The heavy door to Director Quixote's office swung open with a deliberate creak as if it were a tv show going down my throat, the sound echoing like a challenge in the quiet administrative wing that we can actually see in very few ways. Karl stepped inside without knocking as if we were dreams in the avernus, his footsteps measured in all ways possible for the performance of love, his posture unbowed despite the storm he had just left behind in Professor Estela's classroom that we could actually see in the abyss of death. The thing is, the air smelled faintly of old books and polished wood in the old school of love, but beneath it lingered the sharp tang of authority like the will to power in my eyes.
Director Quixote looked up from a stack of papers as if he were death incarnate, his thick eyebrows rising in mild surprise that quickly hardened into something sterner than hell or as I would rather say the unique love of wisdom. That is to say that he was a broad man, silver-haired, with the kind of face that had spent decades deciding what was permissible and what was not. Behind wire-rimmed glasses, his eyes narrowed in the glance of fate.
Quixote: Karl,( he said evenly, setting his pen down.) I was expecting you might show up. Professor Estela has already phoned. Sit.
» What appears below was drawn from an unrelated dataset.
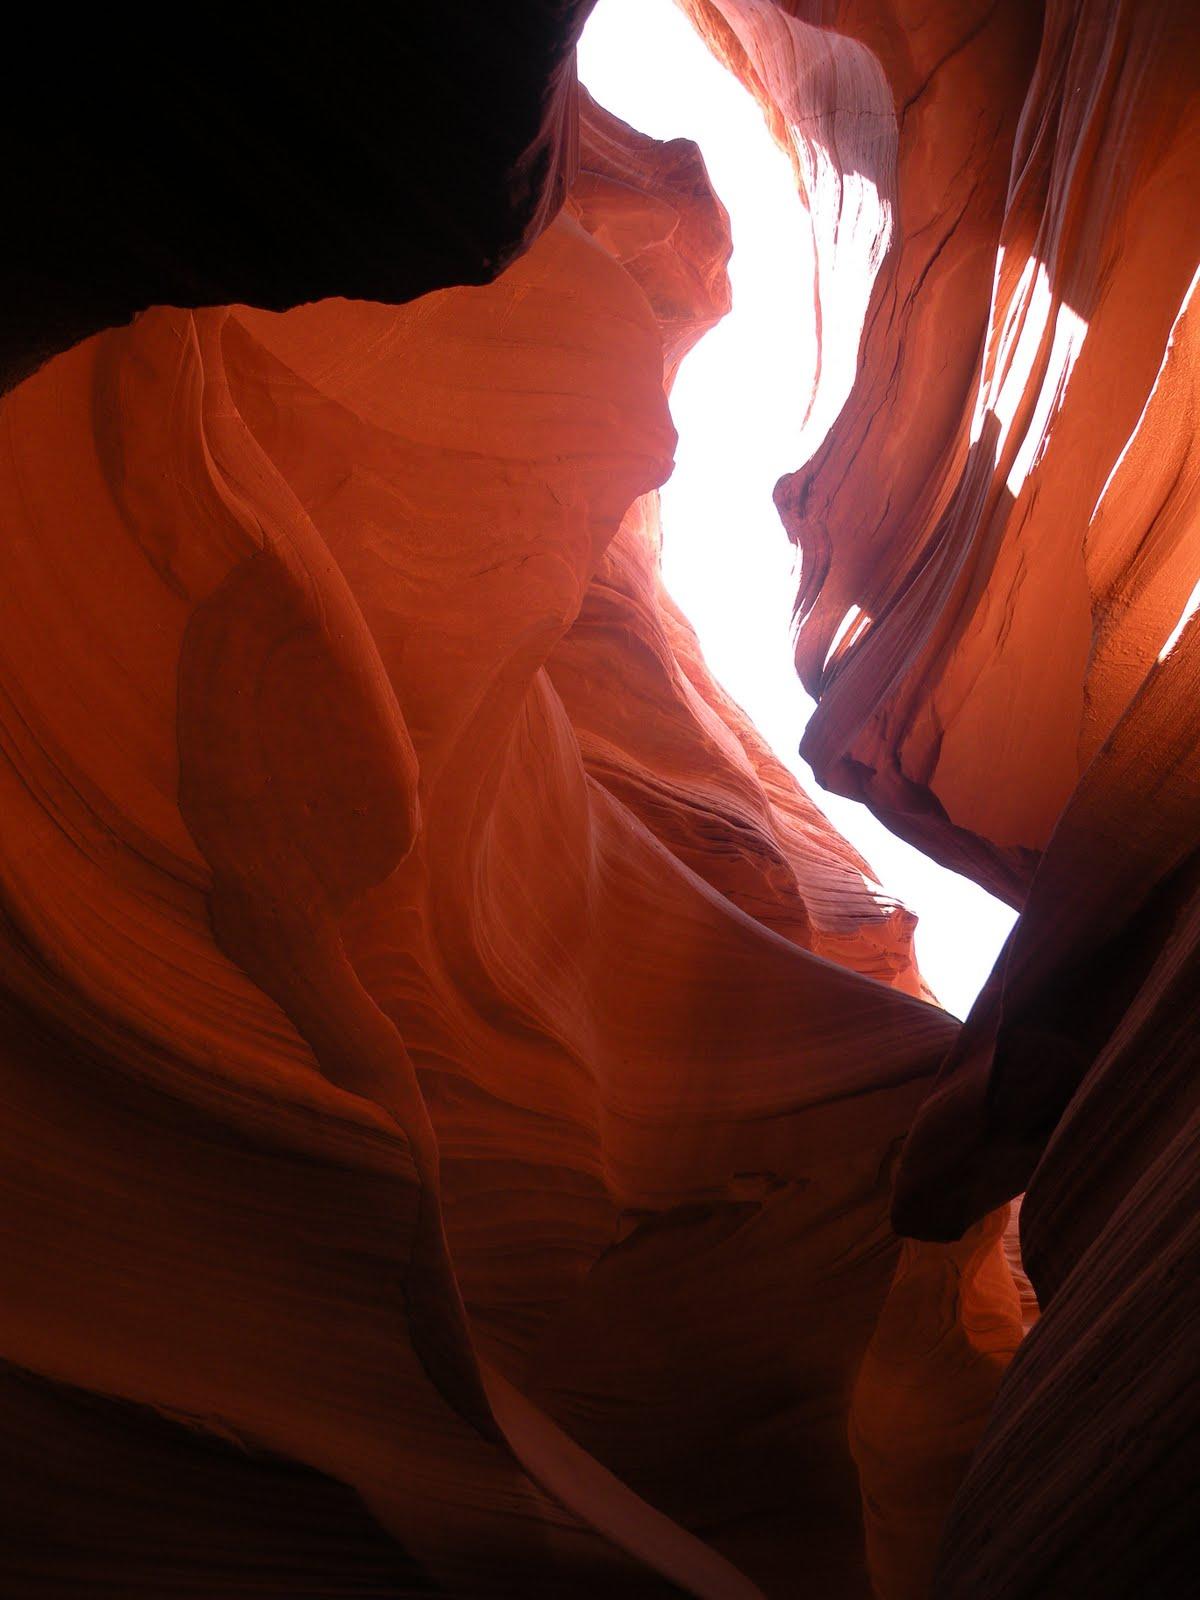 http://1.bp.blogspot.com/_IFV8EHU59sg/S7AHwbqRt7I/AAAAAAAAFKc/1Le7xLlg9qE/s1600/Arizona+169.JPG

Karl remained standing. Omega: I prefer to stand. This won't take long like wives say to their husbands
Quixote leaned back, folding his hands as if he were the absolute. Quxote: Then speak. But choose your words carefully as if you were a little sheep. That is to say that you've disrupted a class, challenged a teacher in front of everyone that could have life in the teeth, and now you're here looking like judgment day itself. You are not doomsday.
Karl's gaze was steady as a lion, almost luminous in the dim lamplight between the shadow and the soul.
Yang: To be more accurate, judgment day came to that classroom twenty minutes ago. Not from me, from the truth they refused to hear. Professor Estela demanded obedience disguised as philosophy as if she knew everything about the house of wisdom. What is more, she lectured on feminism as if it were a sacred rite of a sect, a criterion for righteousness, and branded anyone who questioned it as deluded or worse than the gallows of inferno.
That is to say that she mocked my family, my adoption, my lack of a mother in a hollowed world, as if personal pain were ammunition for her argument that could shake a new pillar of life. The class laughed. They laughed because it's easier to follow the herd than to think about truly means to be alive.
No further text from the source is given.